Work to be completed =
Retype only what runs from the beginning of the data through the line with "Noir & blanc, portrait"; please omit the pictures and keep every line exact.

::: Dataset section :::

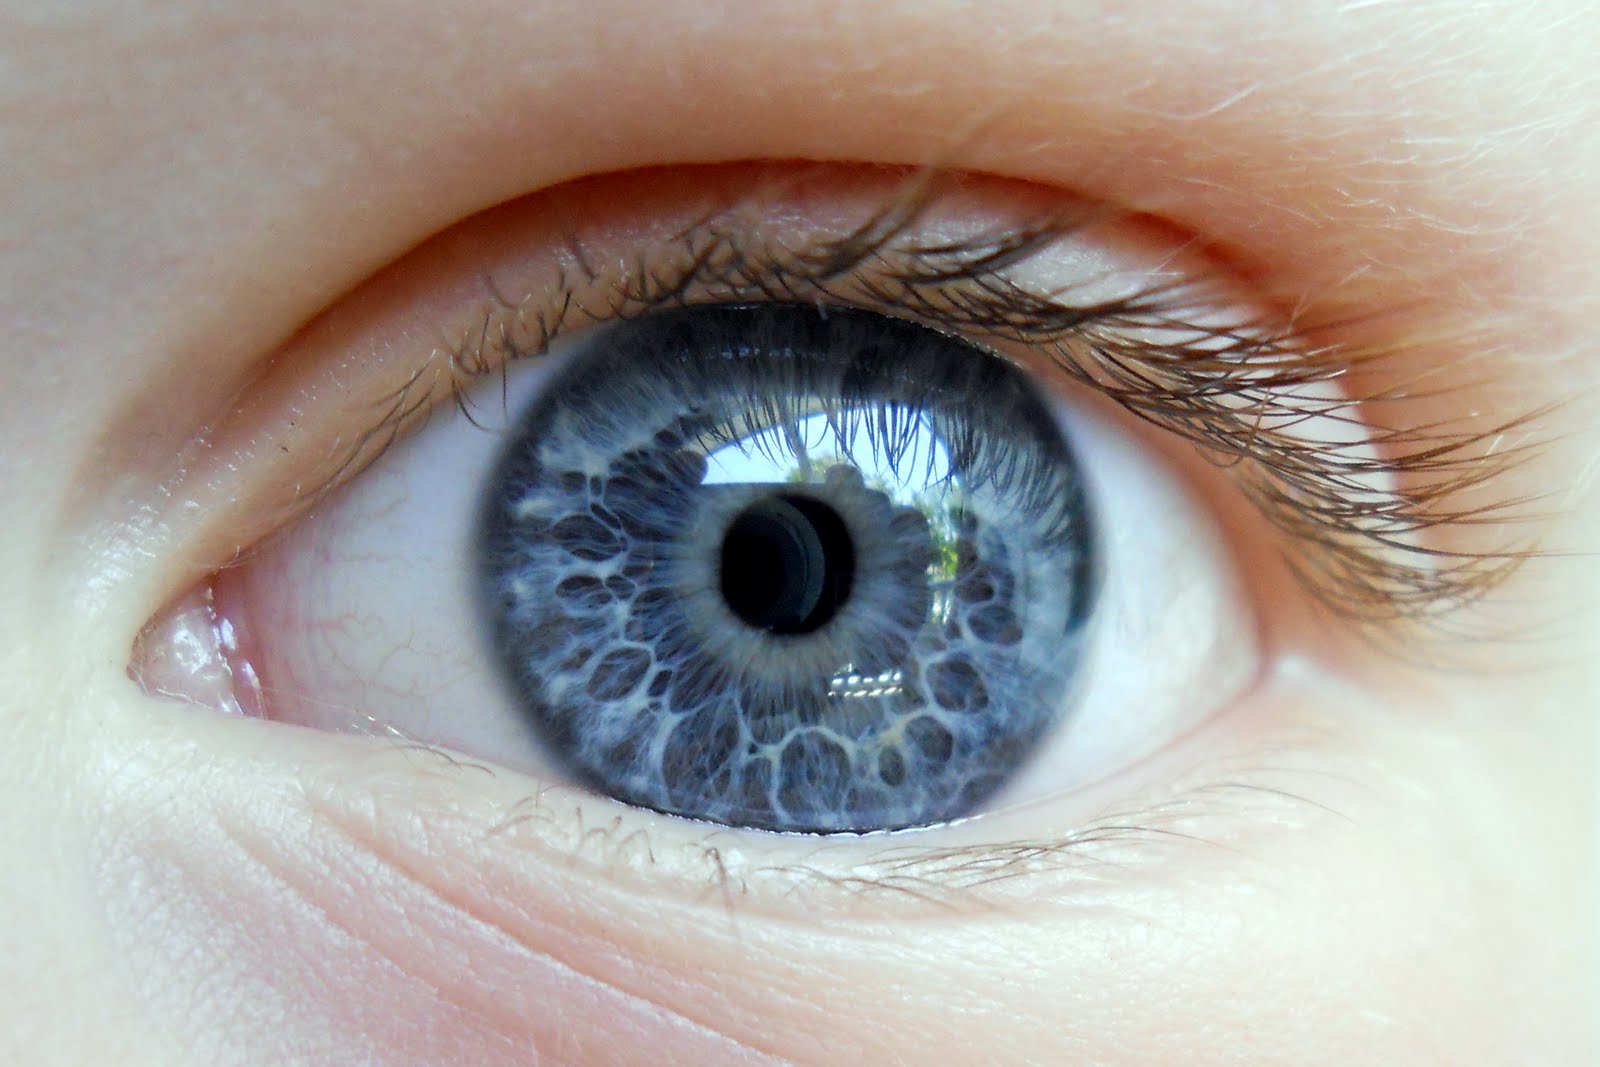 Egészséges szem esetén használható-e színes kontaktlencse?
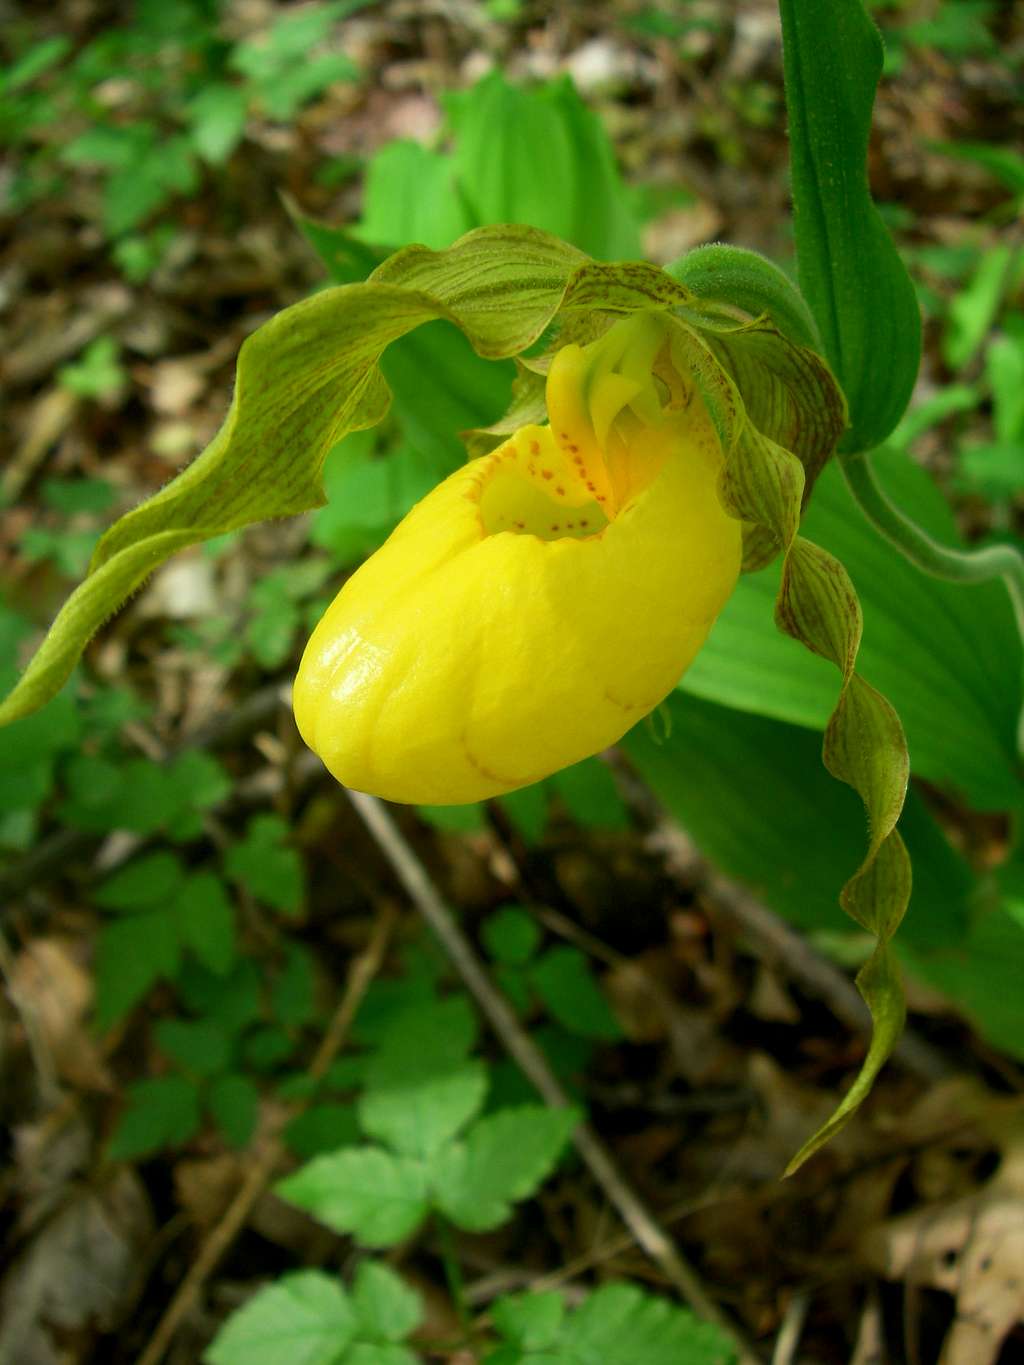 Large yellow ladyslipper
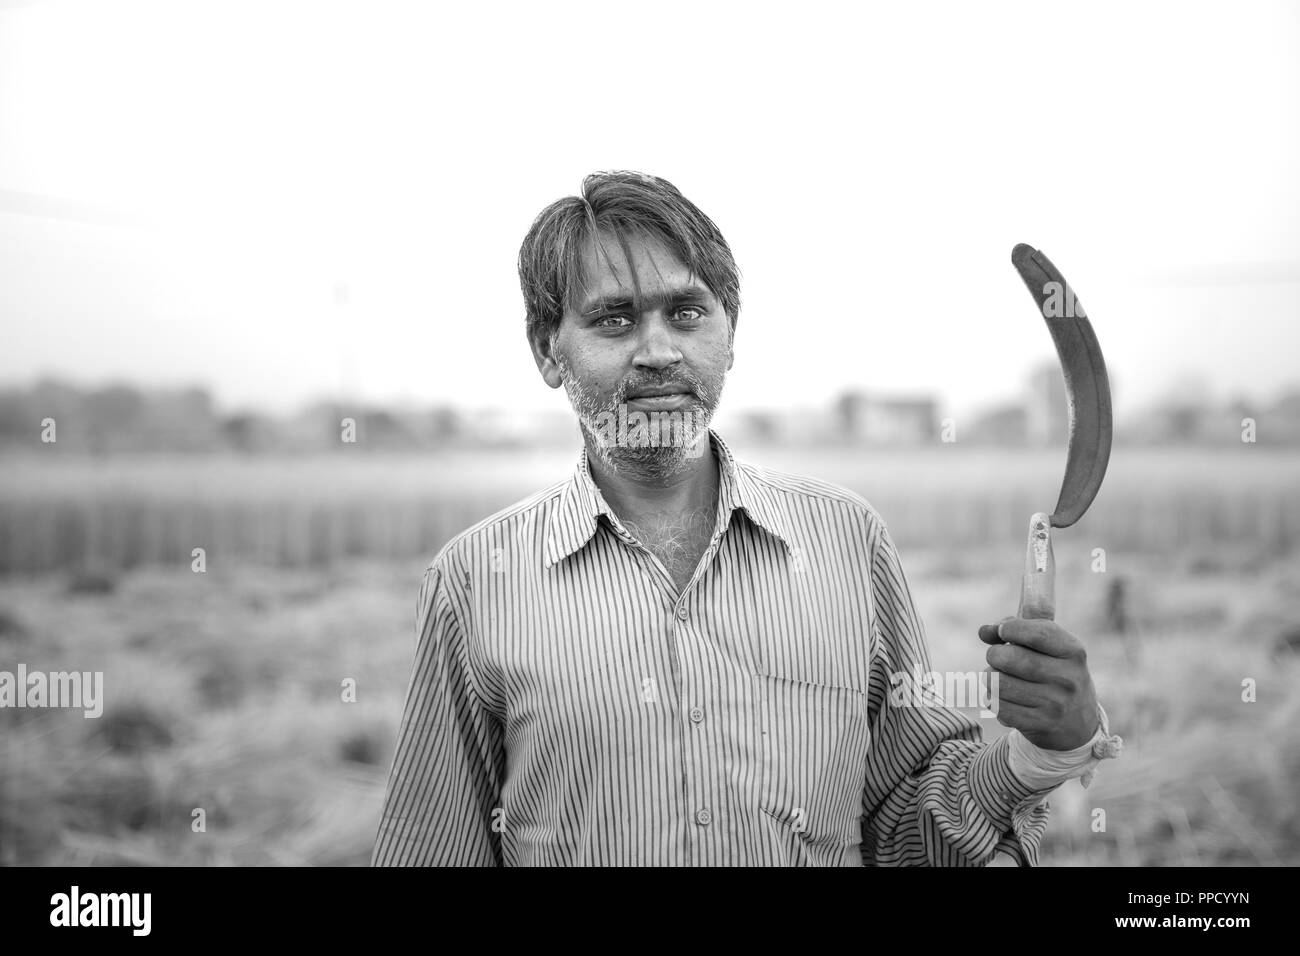 Noir & blanc, portrait of Indian farmer dans champ de blé récolte la drépanocytose sur son épaule et regardant la caméra. Banque D'Images
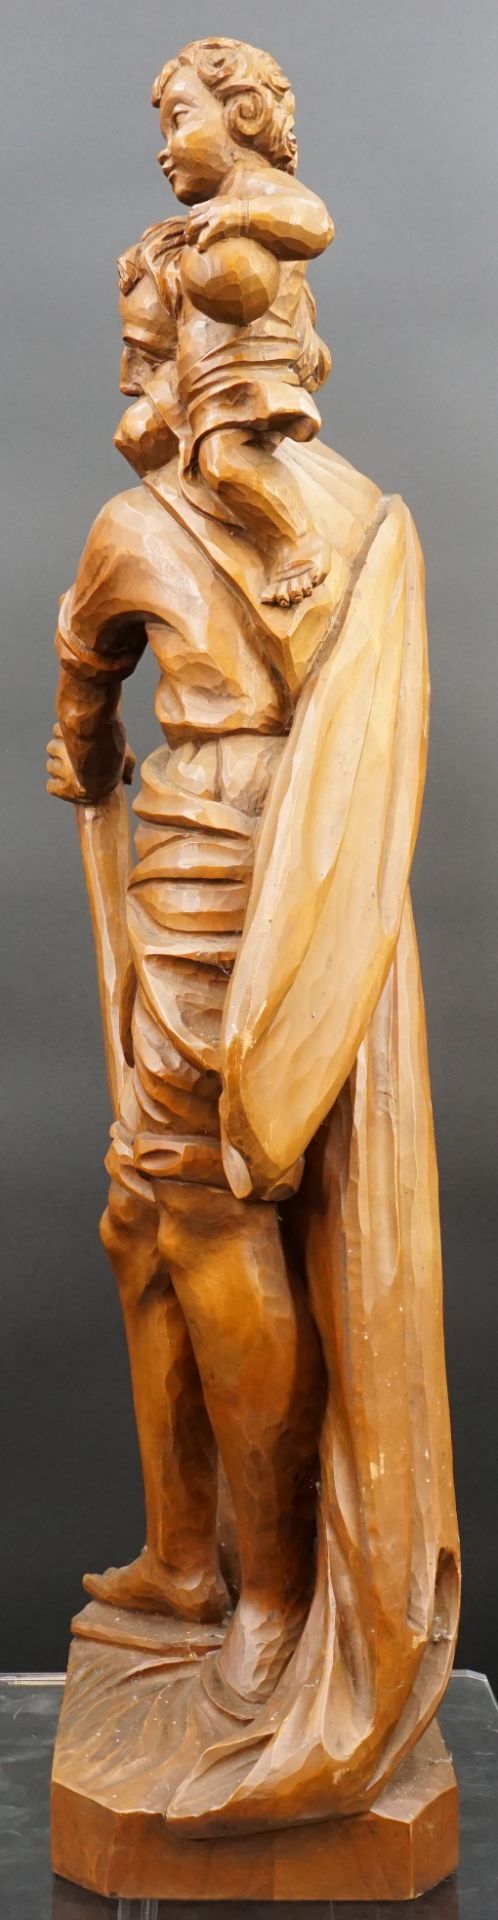 Holzfigur. Hl. Christophorus mit Christuskind. Wohl 20. Jahrhundert. - Bild 2 aus 10

:::

Your solution =
 Egészséges szem esetén használható-e színes kontaktlencse?
 Large yellow ladyslipper
 Noir & blanc, portrait of Indian farmer dans champ de blé récolte la drépanocytose sur son épaule et regardant la caméra. Banque D'Images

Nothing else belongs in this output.